» STUDY MATERIAL:
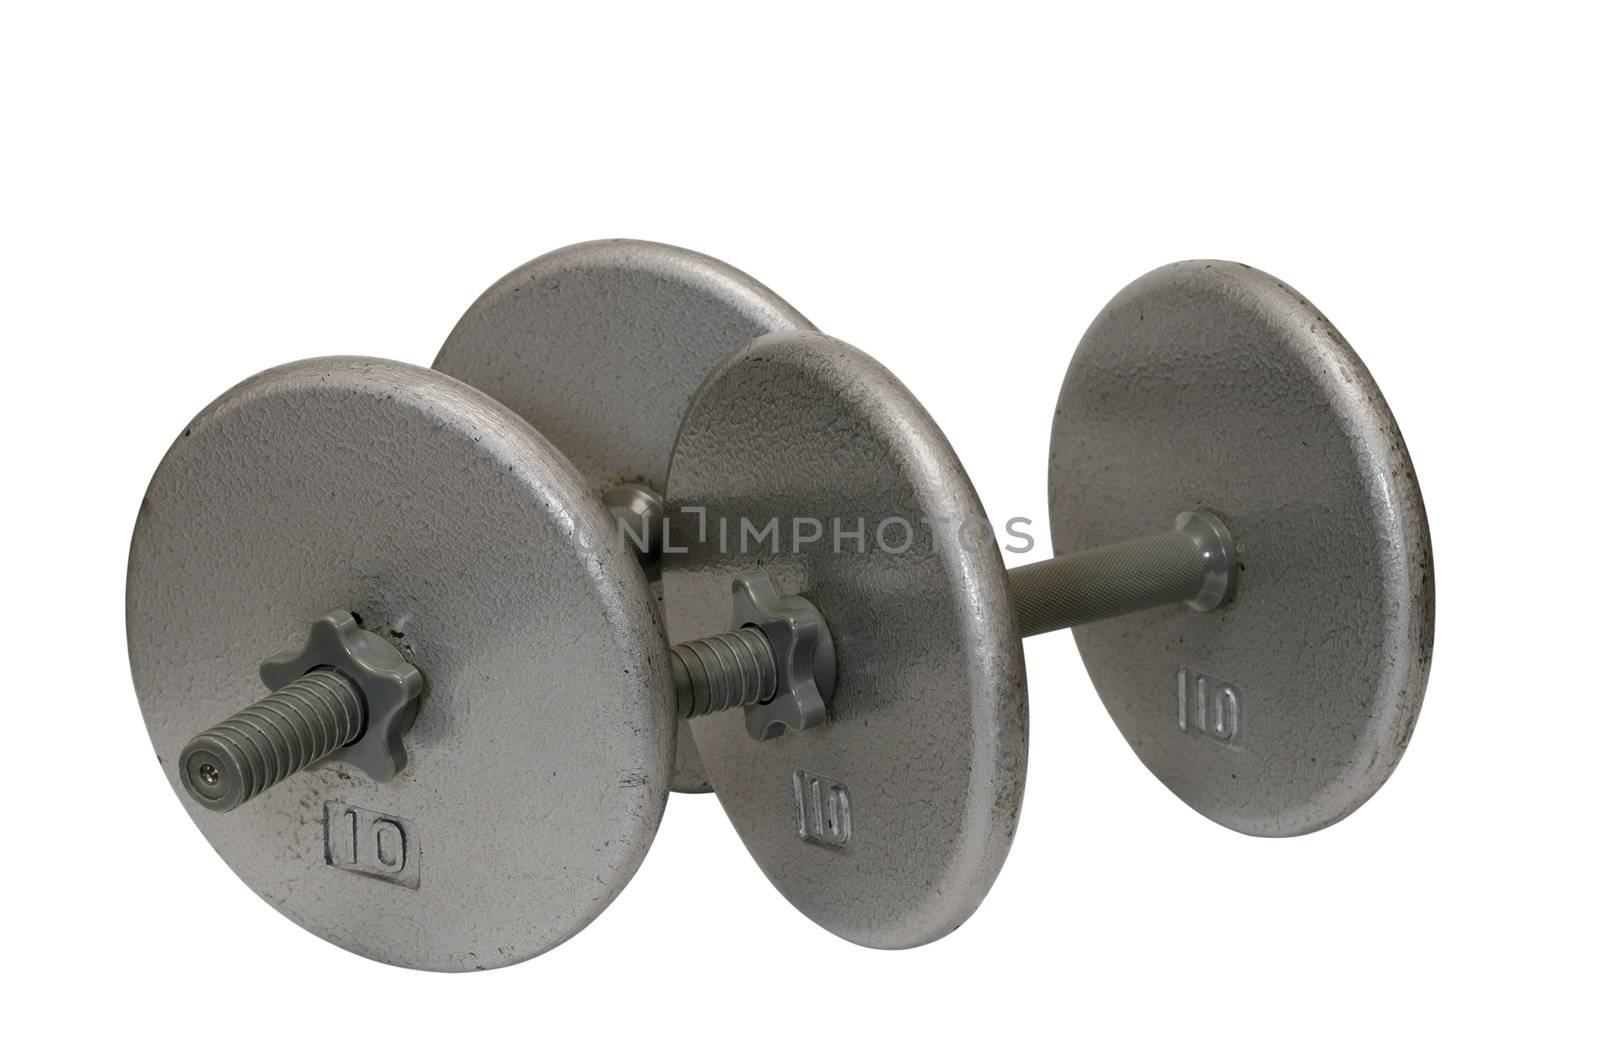 Two dumbbells isolated on white background with clipping path.
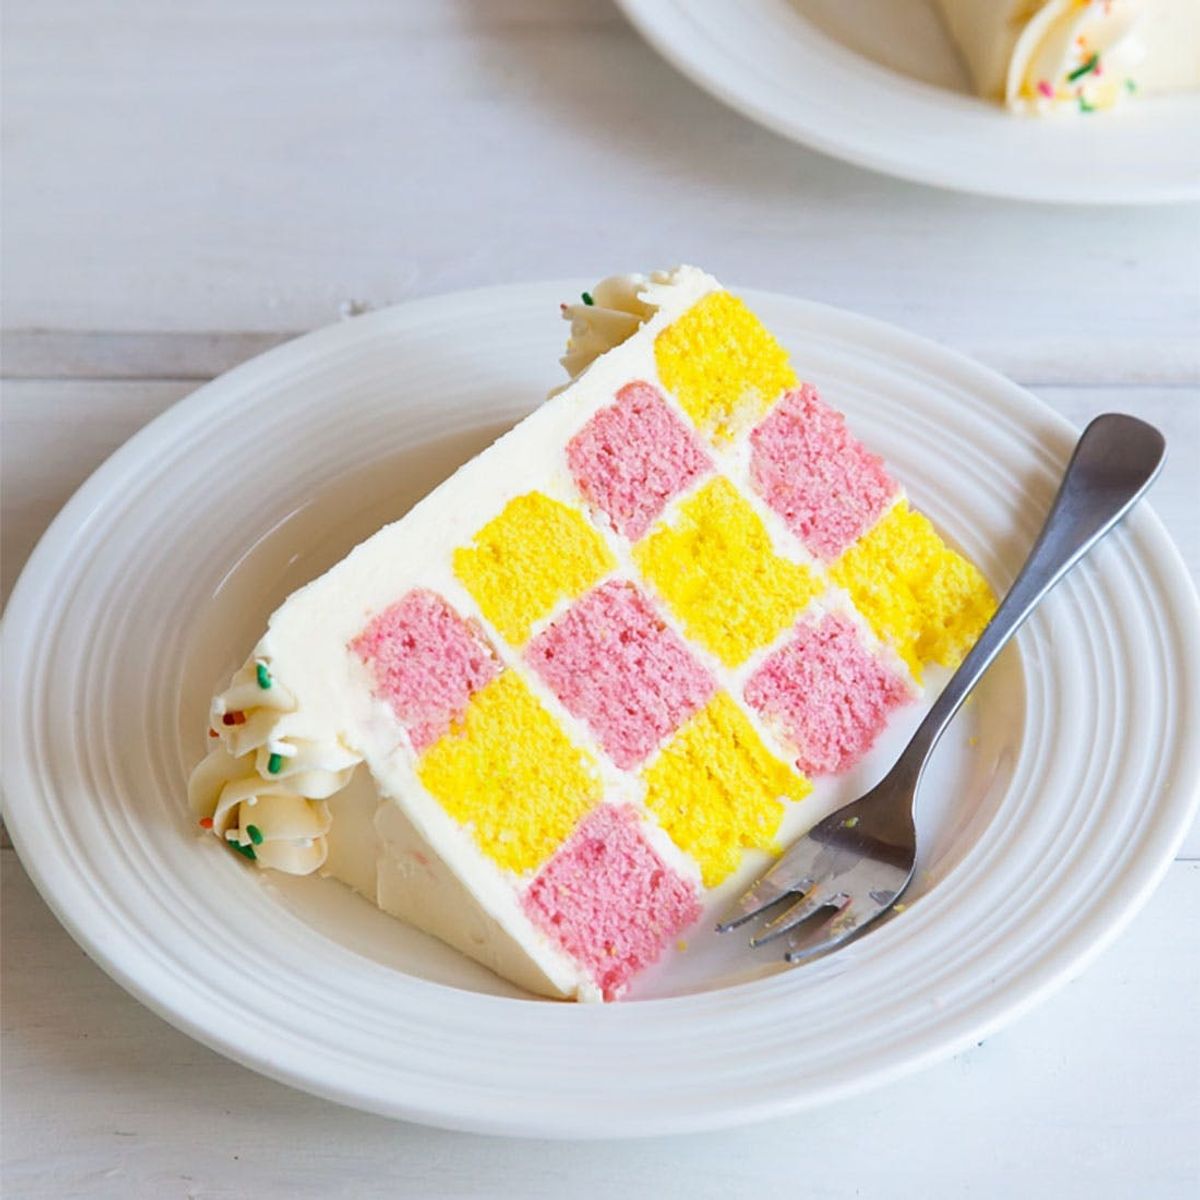 How to Make a Checkerboard Cake That Will Blow Your Guests' Minds
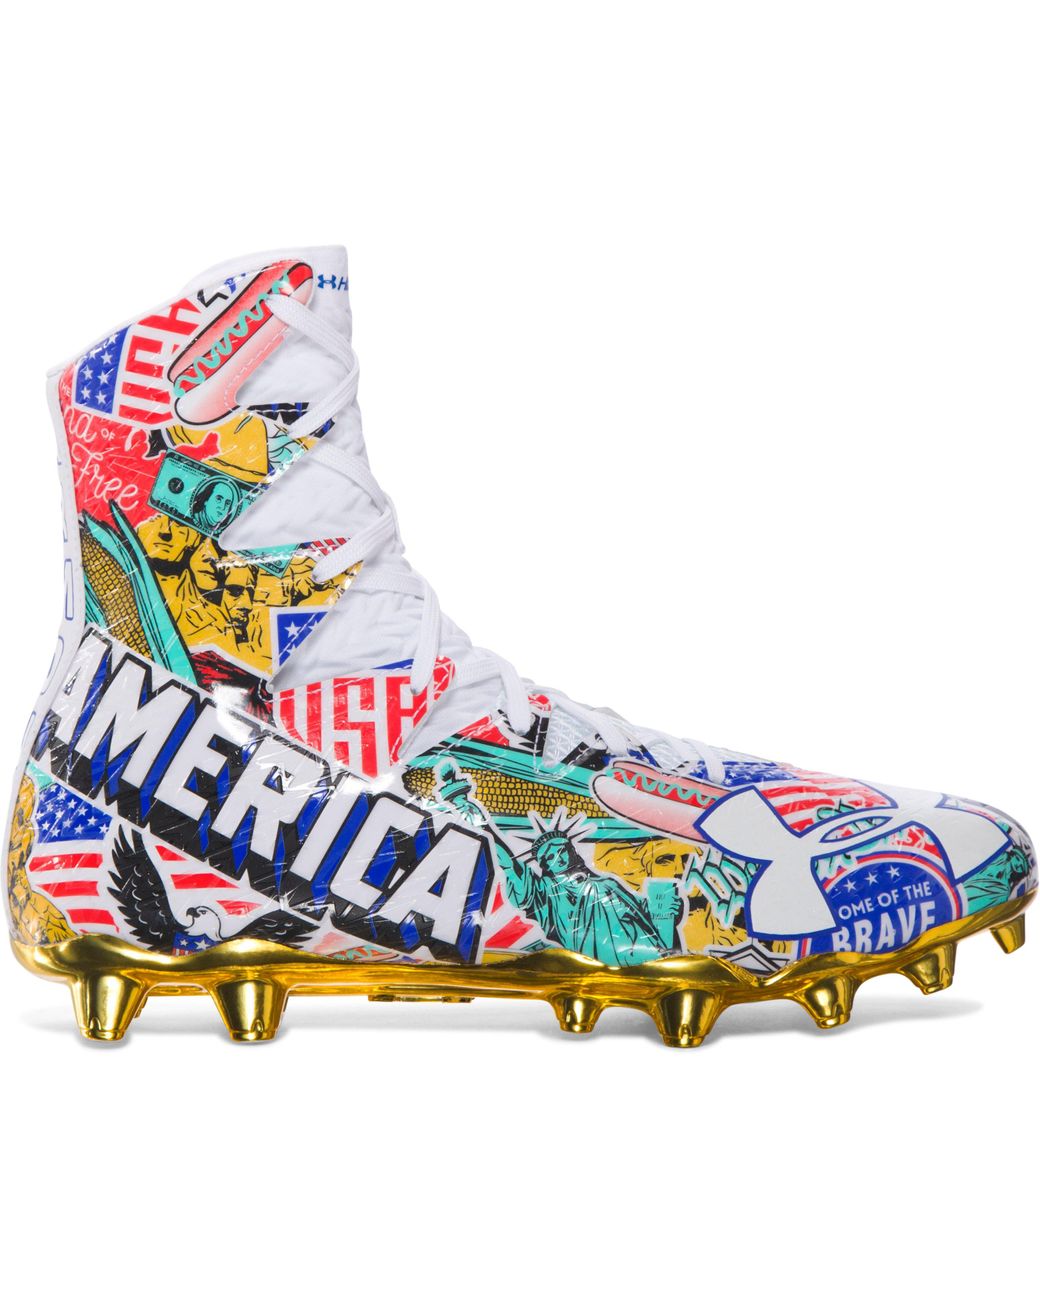 Under Armour Highlight Limited Edition USA Men's Football Cleats Multiple Sizes 
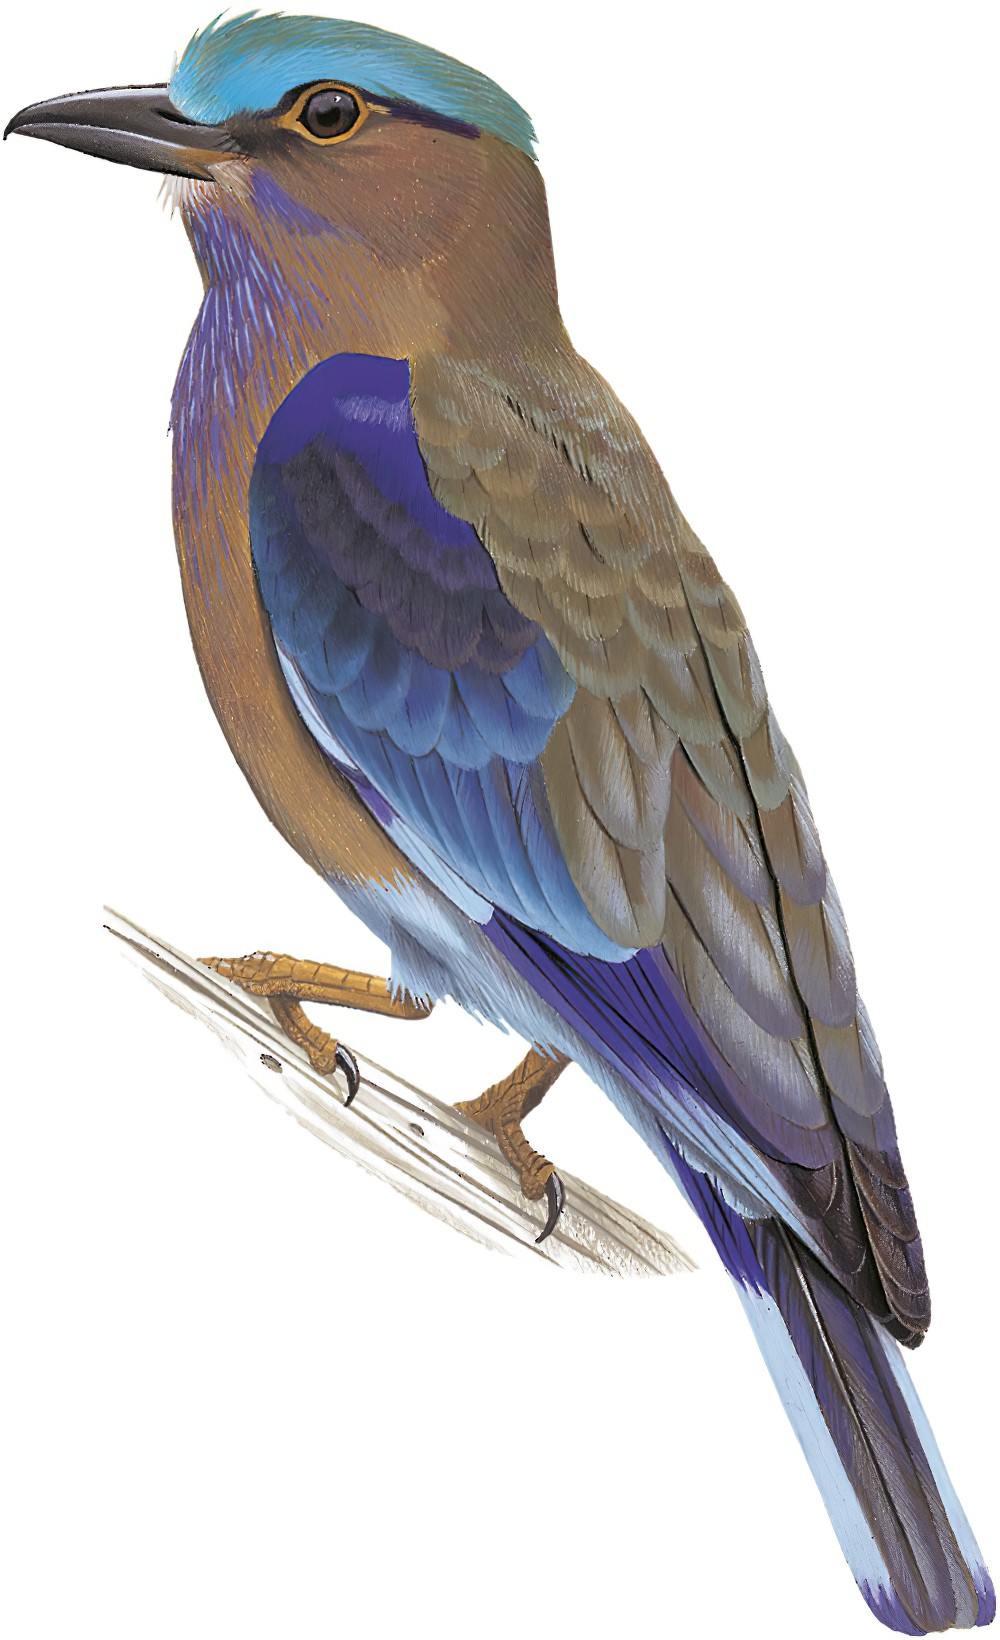 Indochinese Roller / Coracias affinis
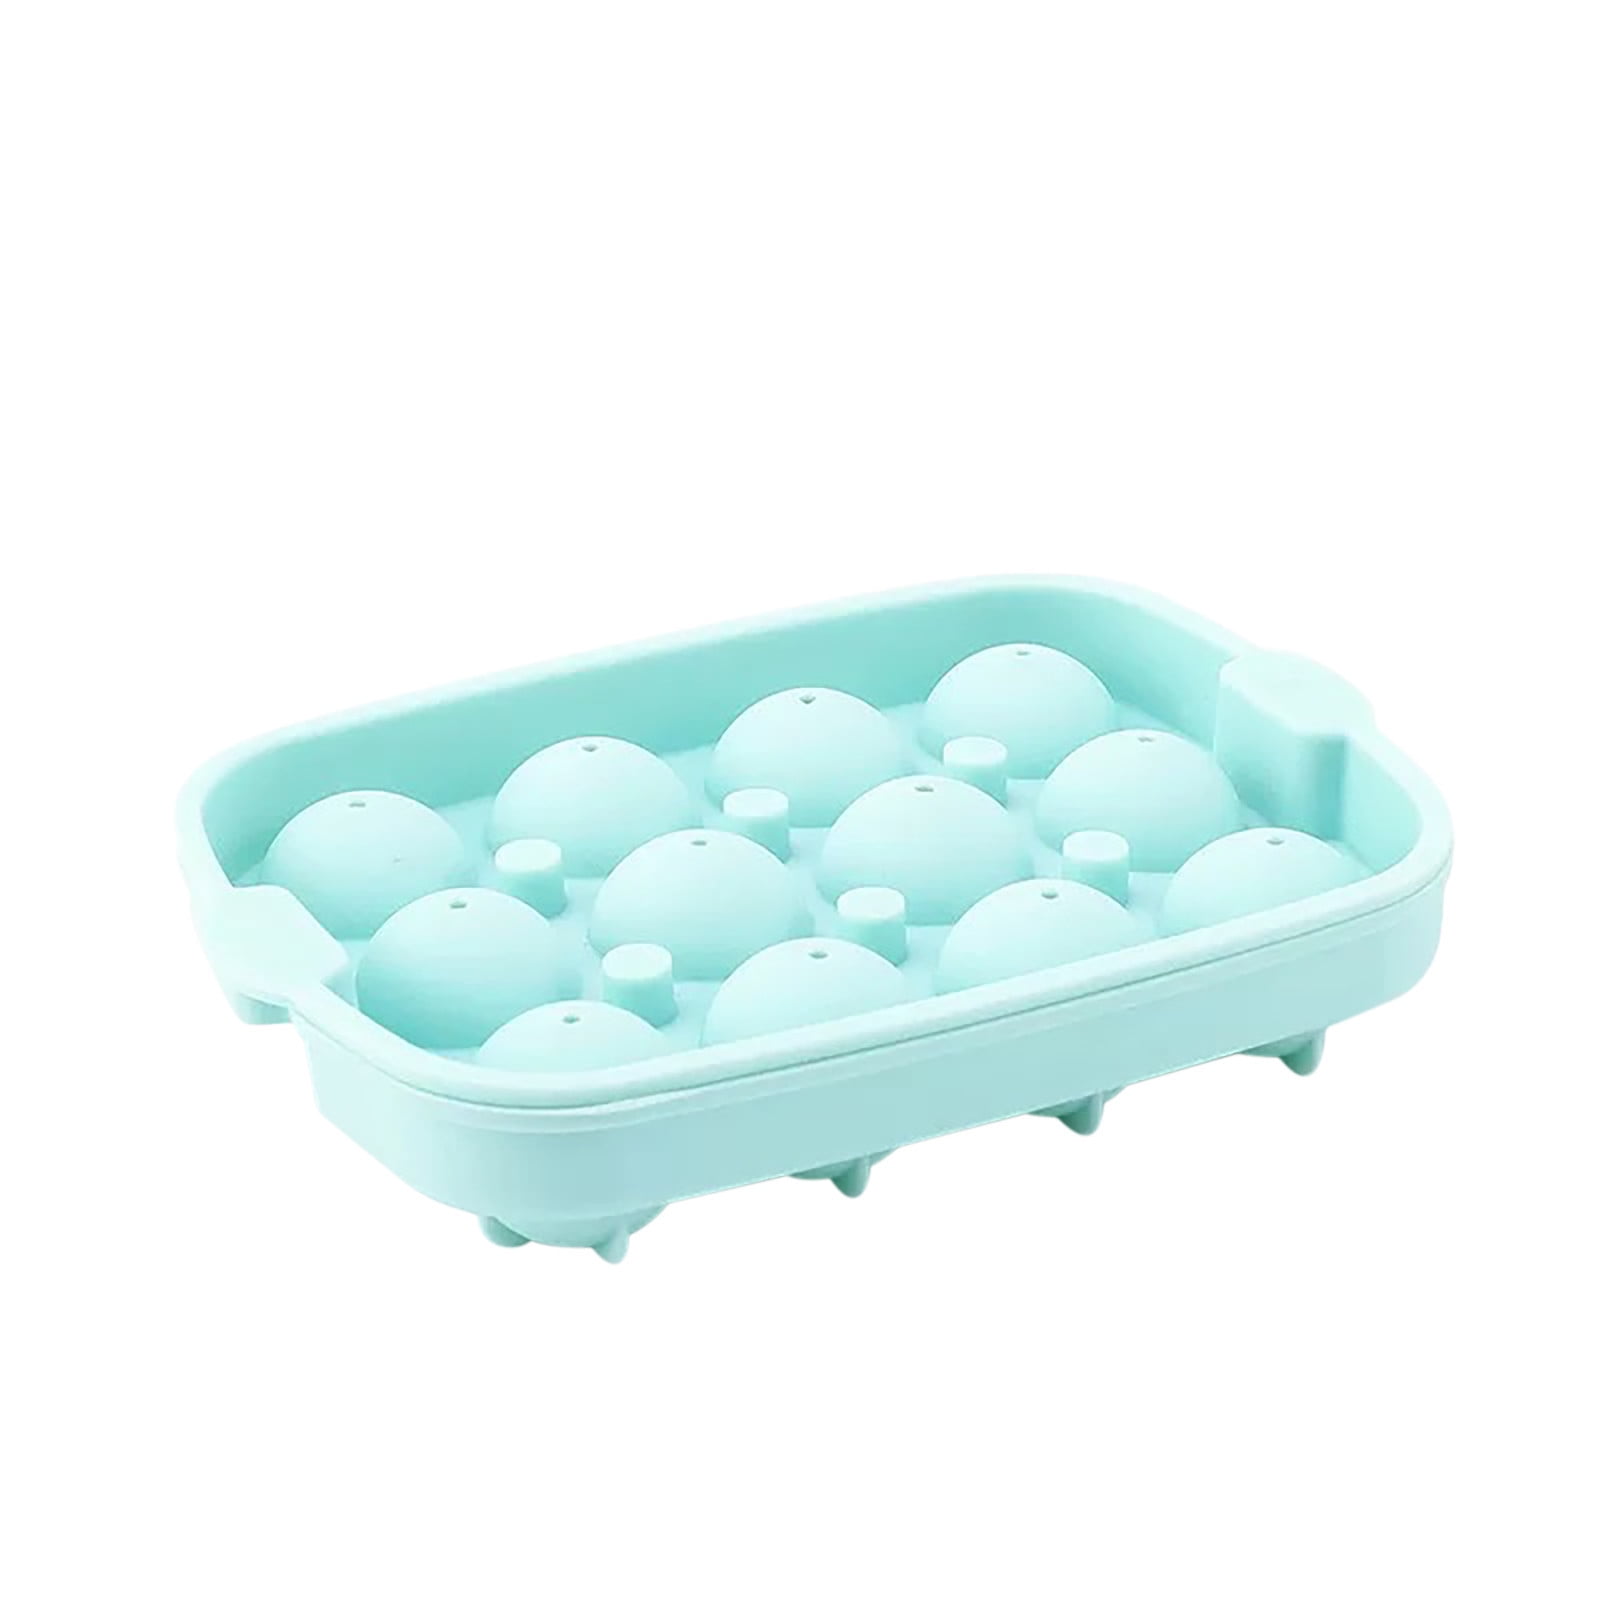 Mighty Rock Ice Cube Tray Silicone Bottom with Ice Bin Scoop 308 Pcs Tiny  Crushed Ice Cubes Molds for Chilling Drinks Coffee Juice White

» EXERCISE GOAL: With the pictures left out, copy exactly the lines from the one containing "Under Armour Highlight" through the last line of the data.

» WRITTEN SOLUTION:
 Under Armour Highlight Limited Edition USA Men's Football Cleats Multiple Sizes 
 Indochinese Roller / Coracias affinis
 Mighty Rock Ice Cube Tray Silicone Bottom with Ice Bin Scoop 308 Pcs Tiny  Crushed Ice Cubes Molds for Chilling Drinks Coffee Juice White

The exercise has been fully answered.